I’ve never wanted to write a play. Ever. I flirted with being a poet in college and for a short time considered trying to make a go of it, but it soon became obvious that the only choice available to poets was to either become a professor or some kind of exotic hobo. Lacking the natural aptitude for a career in academia and fearful of my success as a hobo, I dropped the whole idea of becoming a poet. And when I fell into directing for the theater, I gave up the idea of writing altogether.

For thirty years I was happily consumed by the challenges of being a director. Since my main focus was on new work, I spent a considerable amount of time with playwrights. Young, old, emerging, established: a wide variety of stripes and types. And the more time I spent with these brave, intrepid souls, the less desire I had to ever write a play.

Don’t get me wrong, my admiration was enormous. The sheer difficulty of writing a good play has never been lost on me, and I was frequently astonished by the talent, skill, and imagination exhibited by many, many writers. But the professional options seemed too meager and the obstacles beyond formidable. Too little control. Too few opportunities. Too much like solitary confinement. Between the time it took to write a play and my own extroverted nature, it did not seem like I was well suited to the task.

Sometime during the throes of mid-life I started feeling the need to scare myself into doing something different. Not to simply feel something new, but to feel something deeper.

But circumstances, as they say, conspired.

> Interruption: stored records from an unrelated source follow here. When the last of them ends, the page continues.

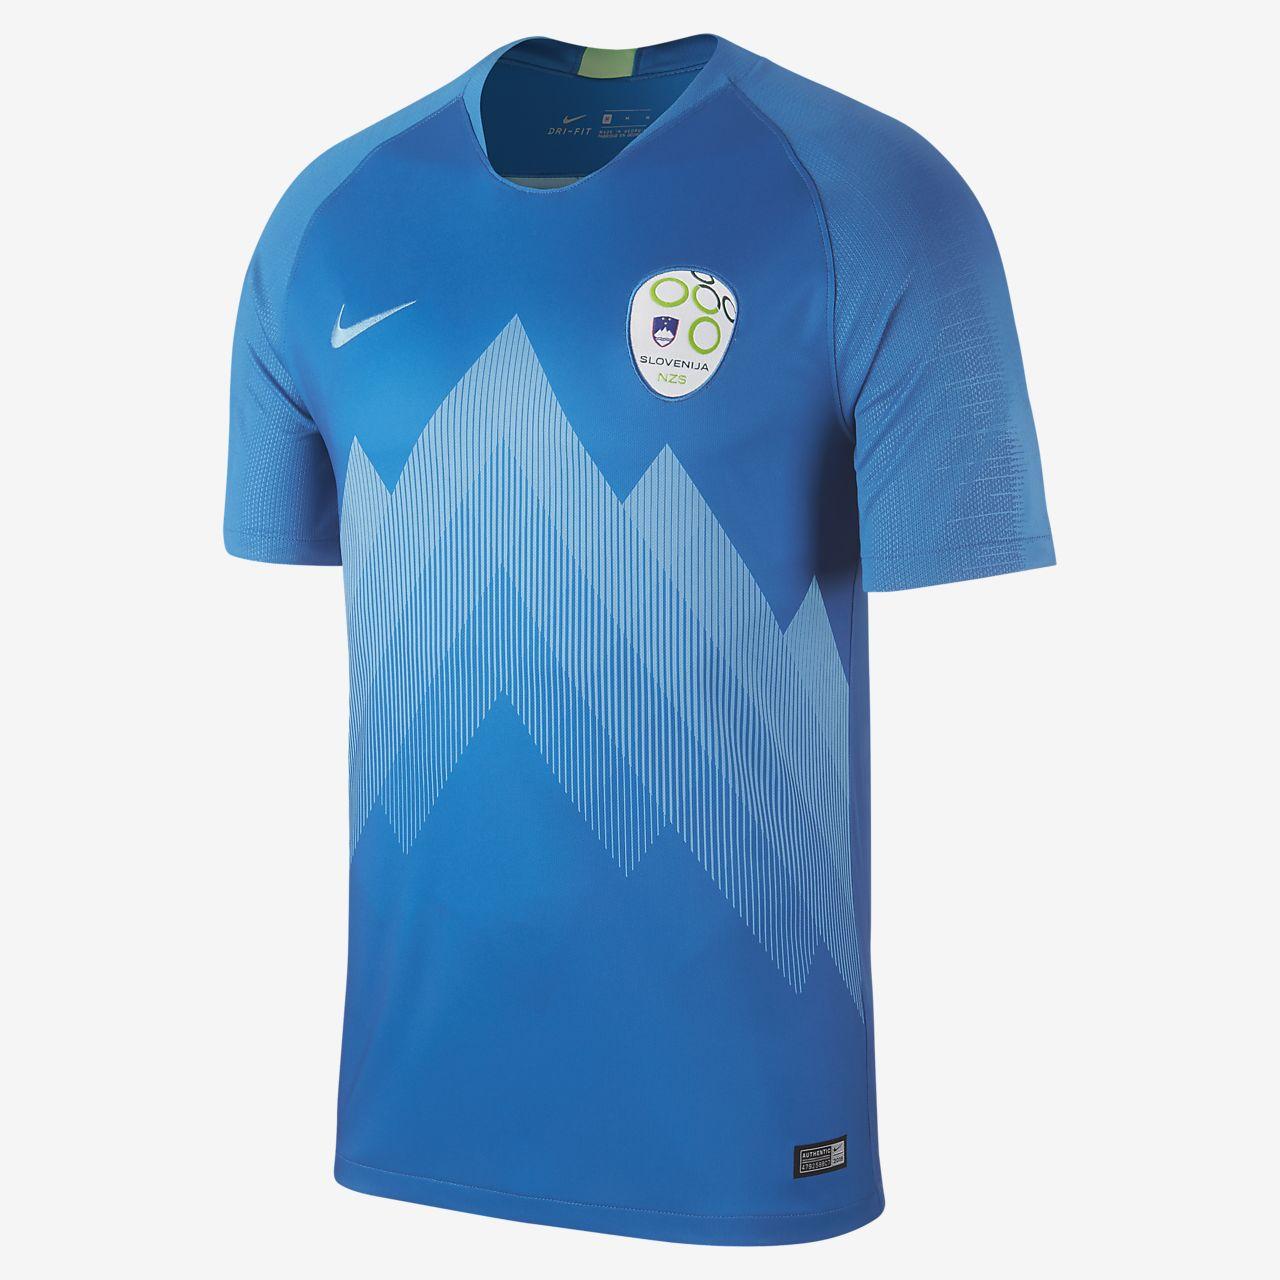 Maglia da calcio 2018 Slovenia Stadium Away - Uomo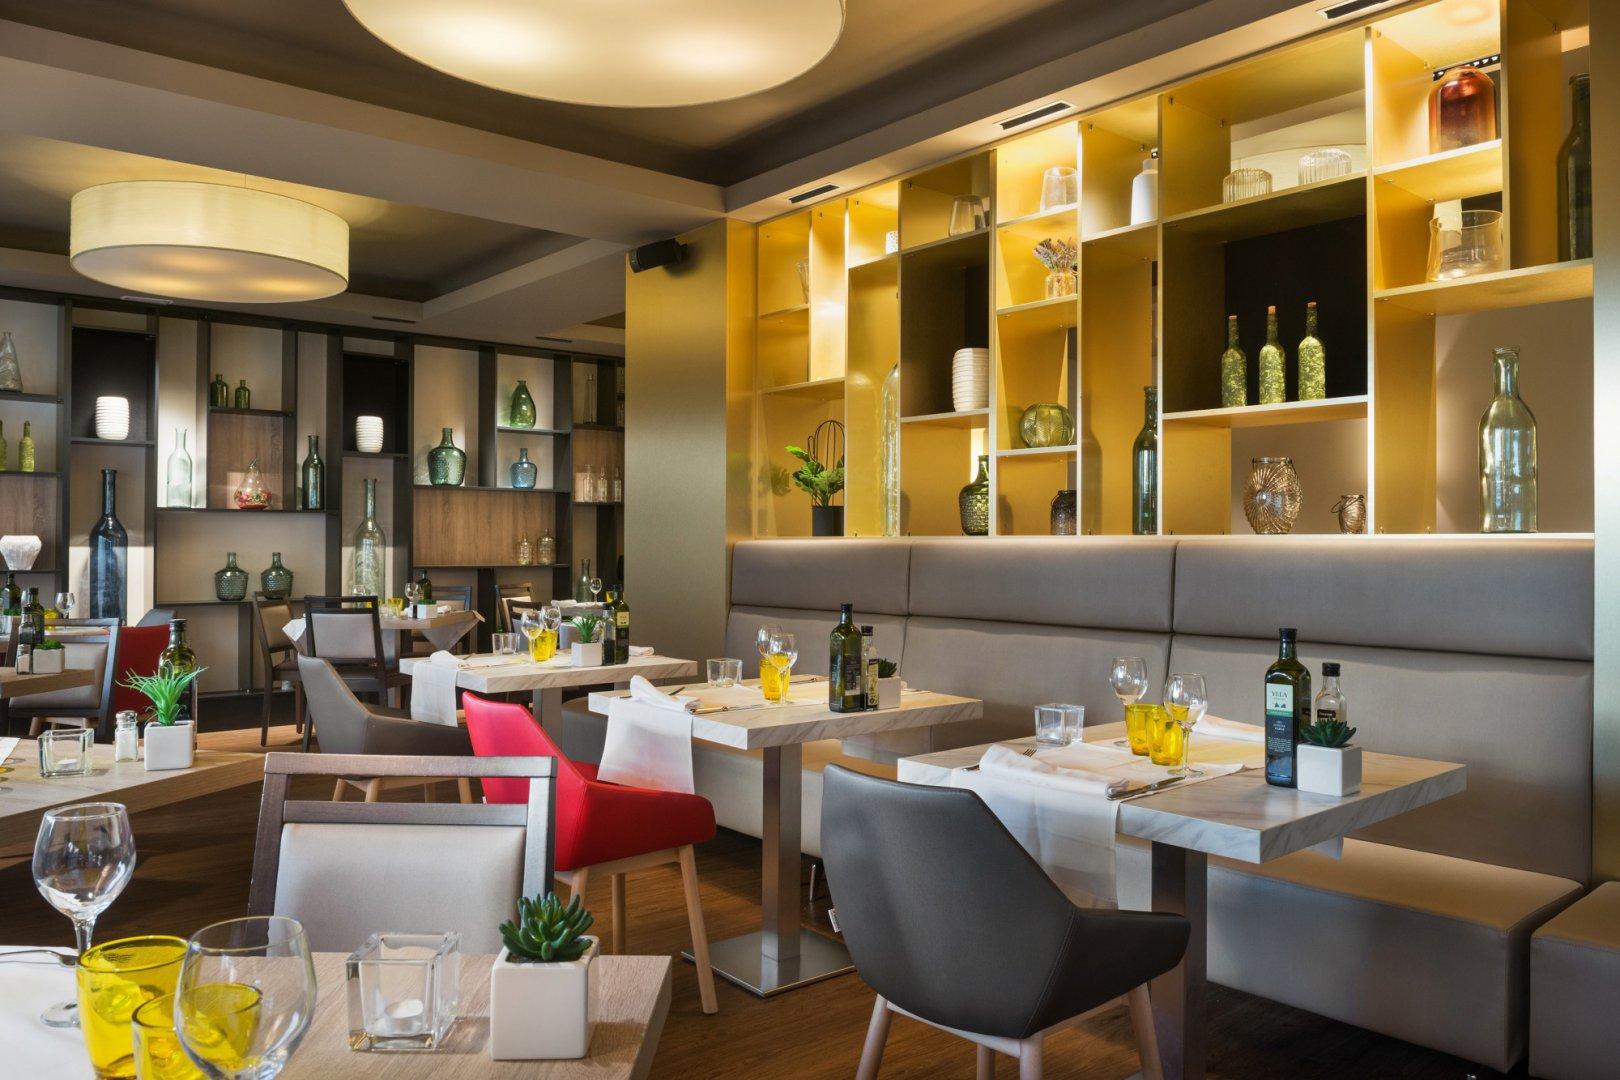 https://www.restaurantronda.com/imagecache/uploads_images_paginas_home_1620x1080_c_dsc-7946.jpg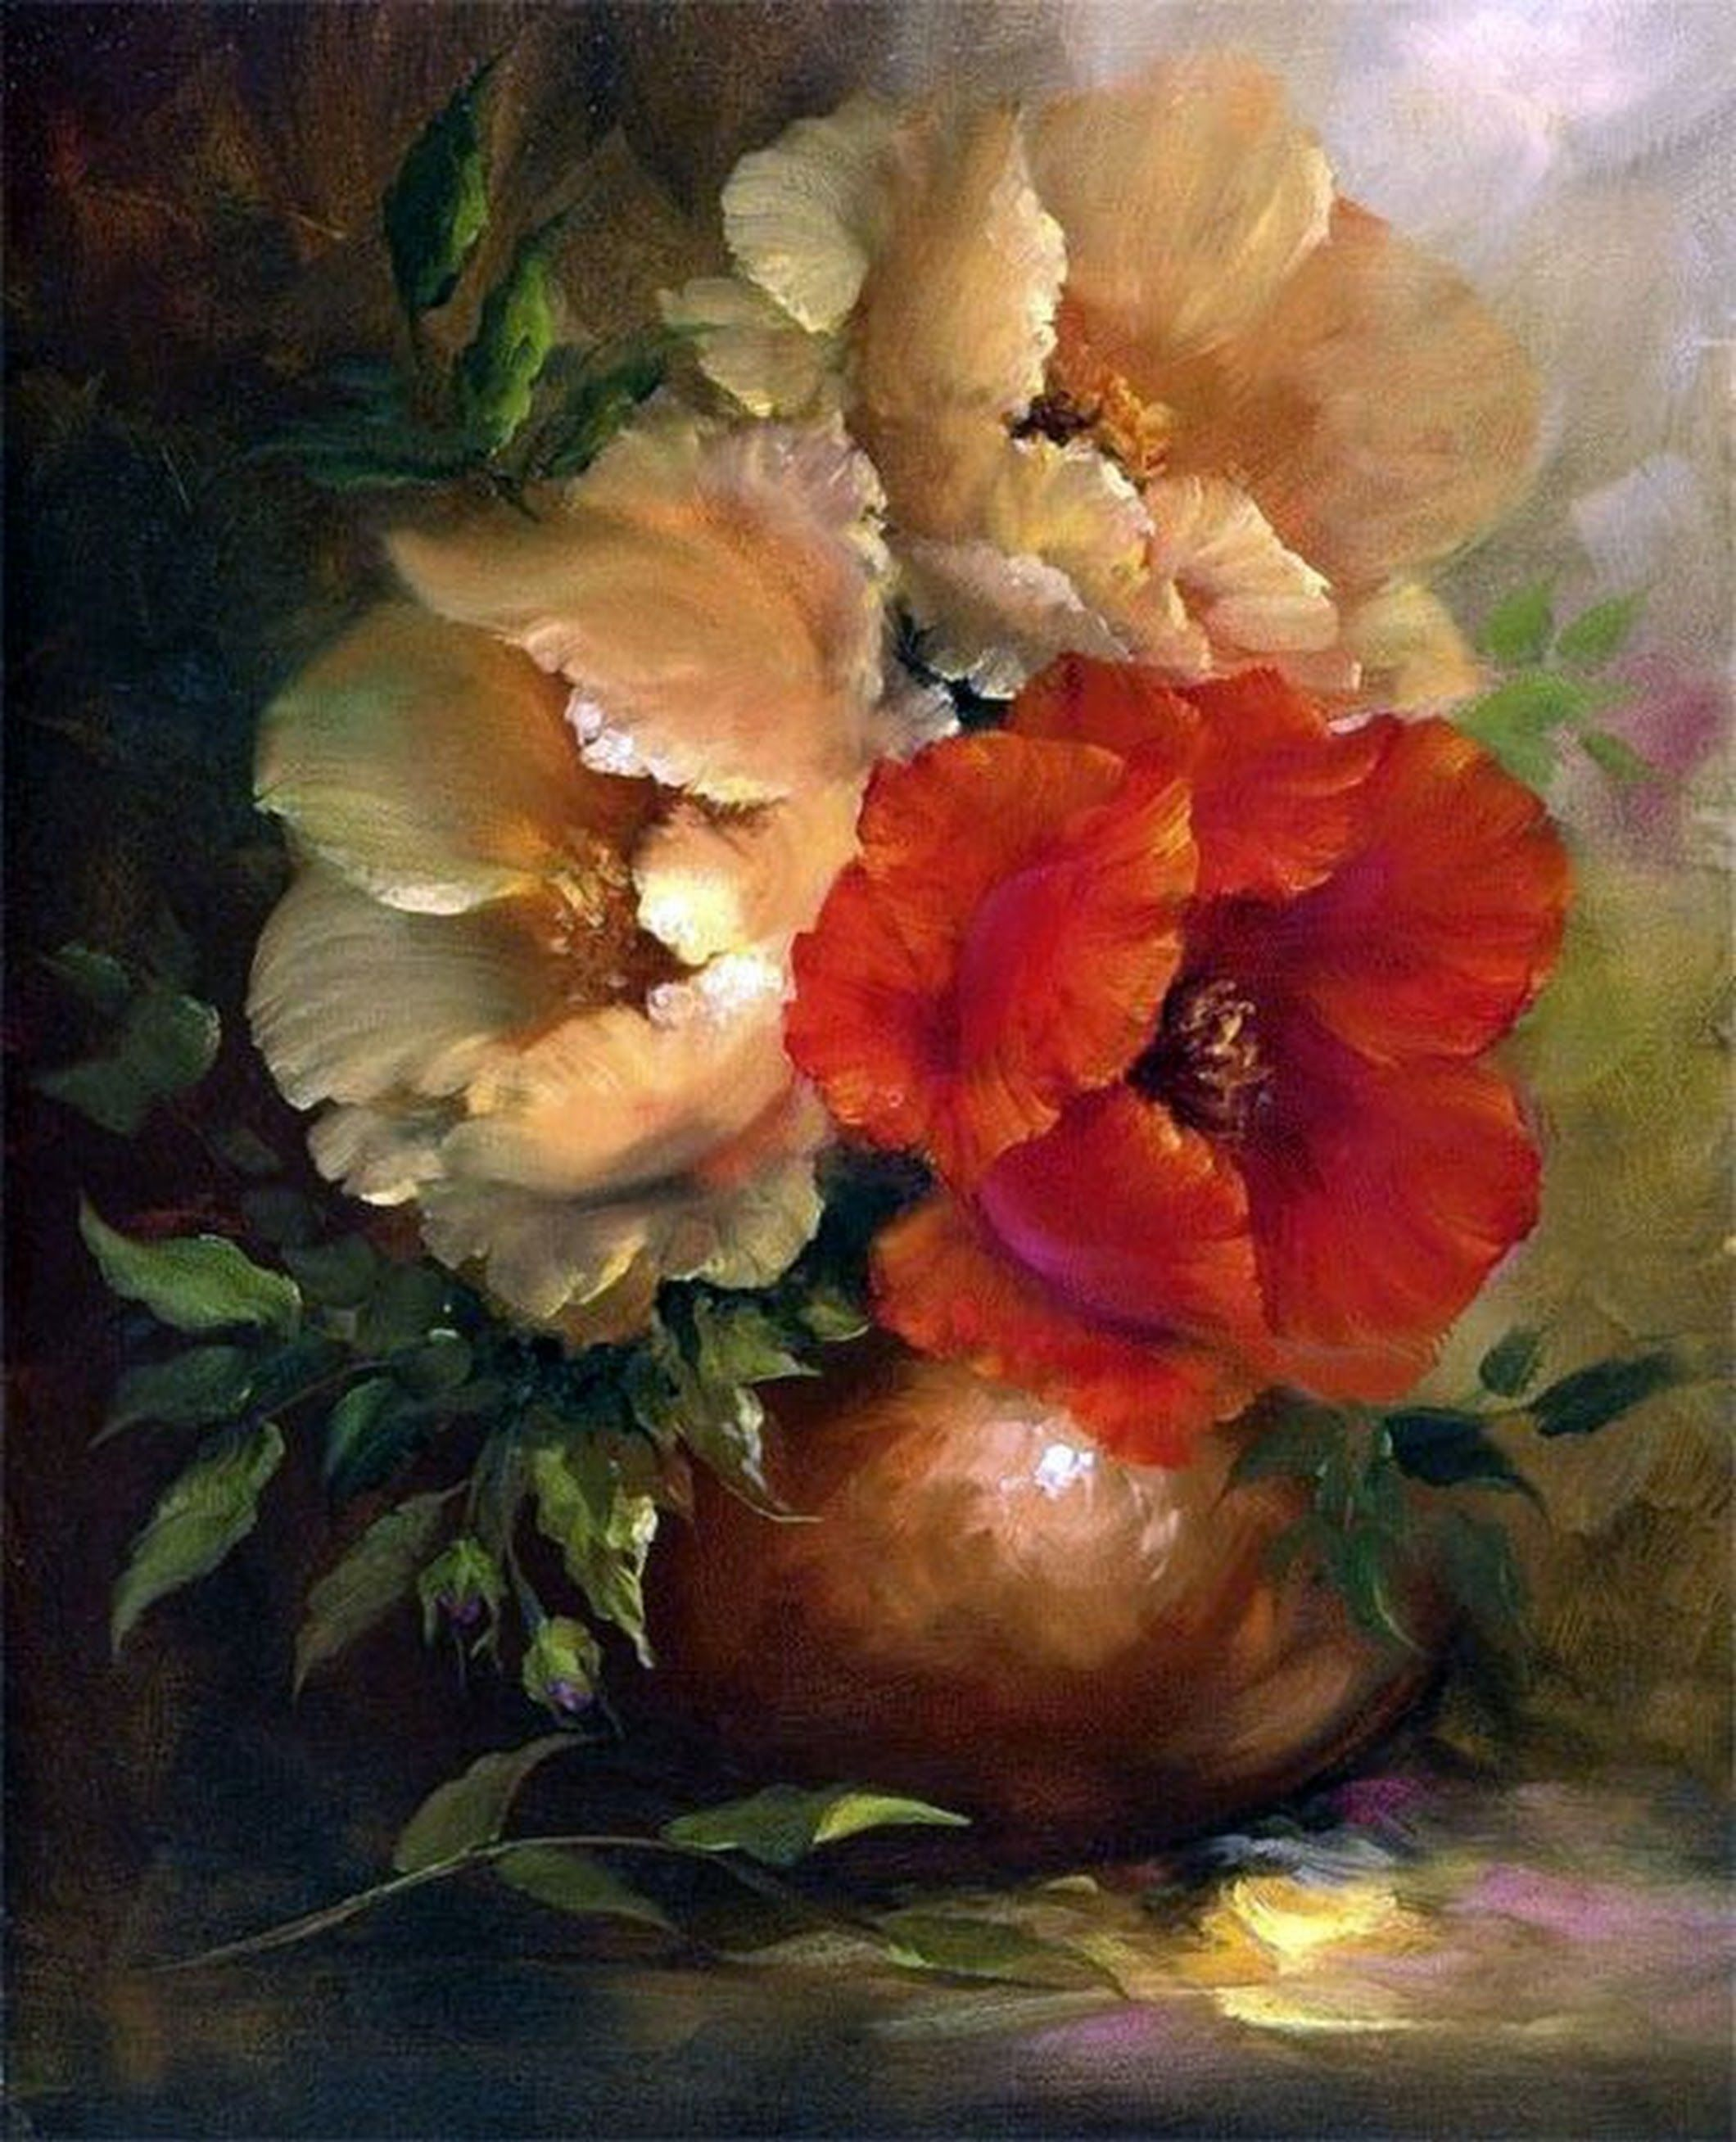 Hel Ar Peinture Fleurs Art Floral Dessin Fruits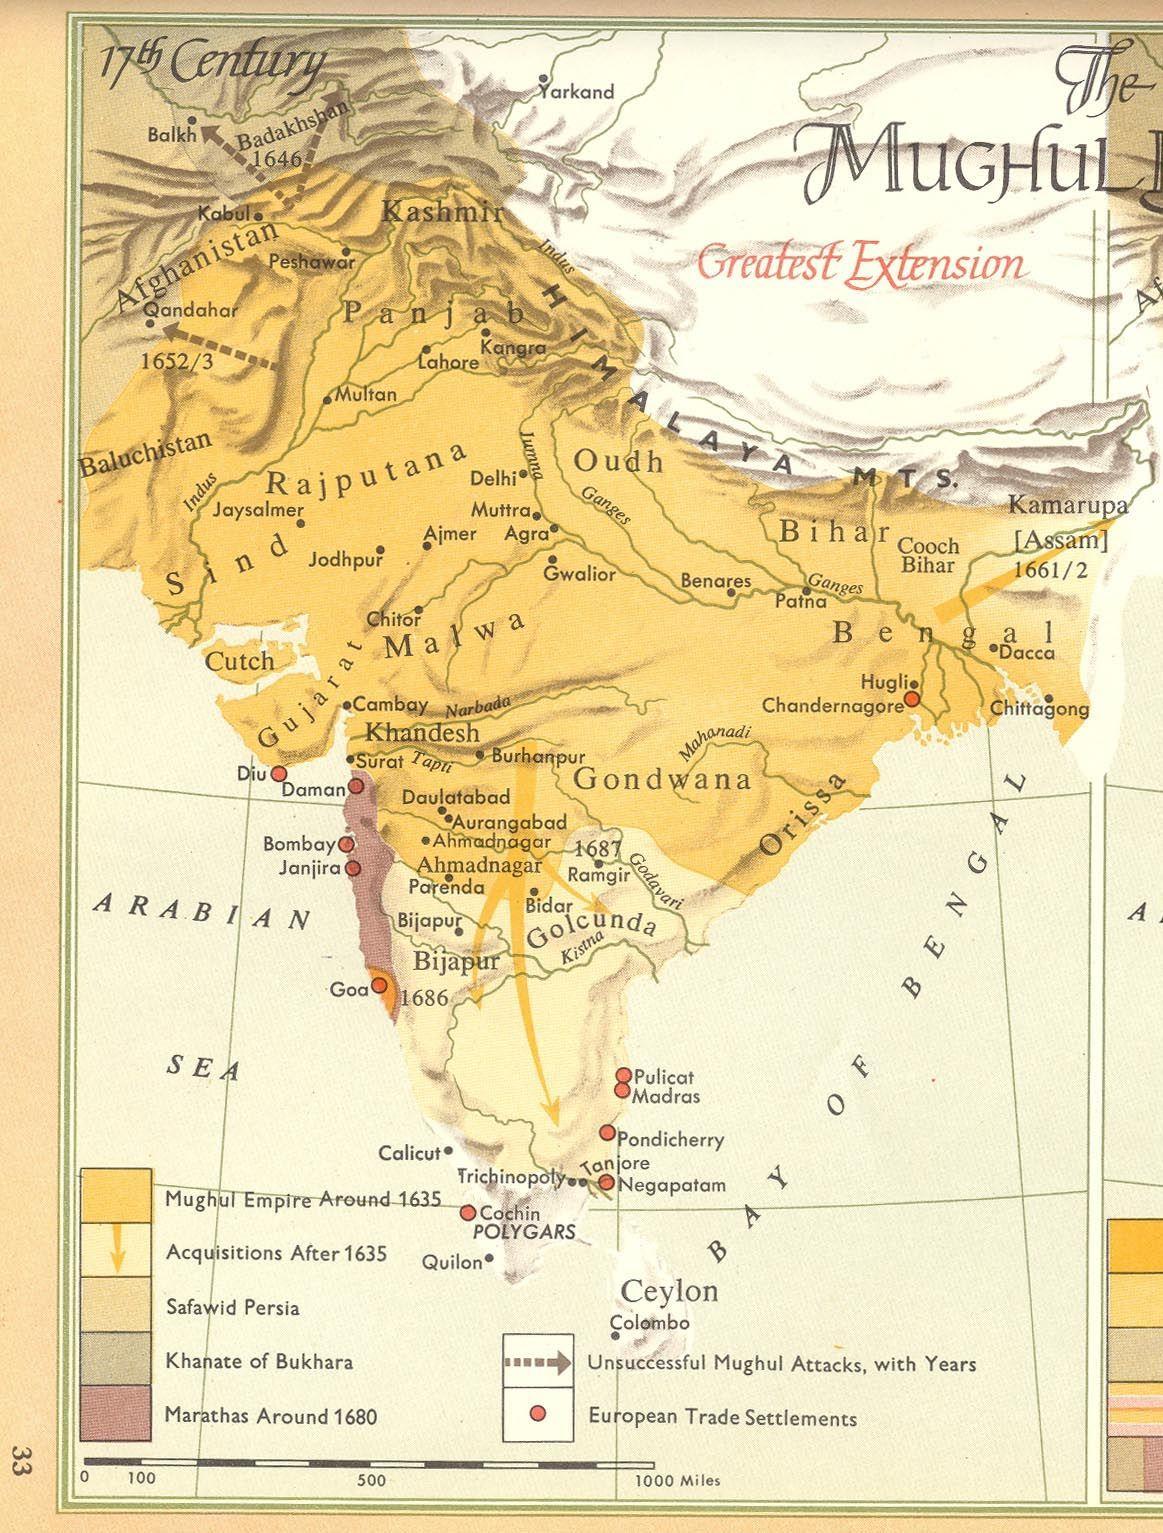 14 1600s mughal empire httpsglobalitannicatopic 1600s mughal empire httpsglobalitannicatopicmughal dynasty httpbbcreligionreligionsislamhistorymughalempire1tml gumiabroncs Image collections

Sometime during the throes of mid-life, I started feeling the need to scare myself into doing something different. Not to simply feel something new, but to feel something deeper. A handful of artistic questions and a smaller handful of personal traumas forced me to seek some solitude: not in a monastery but in my everyday life. I wasn’t looking for a religious practice but a new imaginative exercise. I was tired of myself, tired of my voice, and I wanted to see if I could unearth a different mode of expression. I wanted to be with myself in a new way.

And so I turned to writing. Not playwriting, mind you. I went back to poetry and then concentrated on a book of comic short stories, mainly about my lovely, crazy family. For a few years I wrote in blissful secrecy, with only a few select friends and chagrined relatives as my loyal readers. Honestly, I have to say, that it was joyful. It started out feeling like therapy and ended up feeling like, well, writing. I fell in love with words again. The feel of them, the flow, the way they appeared and then vanished, their illusion of making fantastical sense and their capacity for creating fabulous nonsense.

My master plan seemed to be working. I was a writer with no desire to call myself a writer, free of any expectations or responsibilities or obligations. And I felt like I was accessing a part of myself that had been dormant for a long time. The situation was perfect. But then, like some pathetic character in a Grimm’s fairy tale, I started getting greedy. Maybe I should show some of my material to a wider circle of people? Maybe submit it to a publisher? Maybe publish a book or three?

To complicate matters, I was separately approached by two theater colleagues about projects which had no writer attached. Rita Moreno was searching for someone to help tell her life story, and Jon Moscone wanted to make a fictional play inspired by his personal experience following the assassination of his father. With no agenda other than helping to facilitate, I started taking notes for both of them. A ton of notes. Structures for both plays began to appear in my mind, and during one fateful week while on tour in Montreal, I found myself writing snippets of dialogue.

I kept at it. The snippets turned into scenes. Eventually whole acts appeared. And to my utter shock, I loved it. Maybe it was the adrenaline rush or my own arrogance, but, to make matters worse, I thought some of it was pretty good. For a guy who never wanted to write a play, I was now writing two of them simultaneously.

D-Day arrived. I called both Jon and Rita. Told them I thought was onto something and would they like to see my first rough drafts? “Of course,” they replied, “sounds terrific!” So I sent the material and waited. I can’t tell you how excited I was. I was in the throes of a creative breakthrough, and I was sure that whatever criticisms they each had, that they would be equally thrilled.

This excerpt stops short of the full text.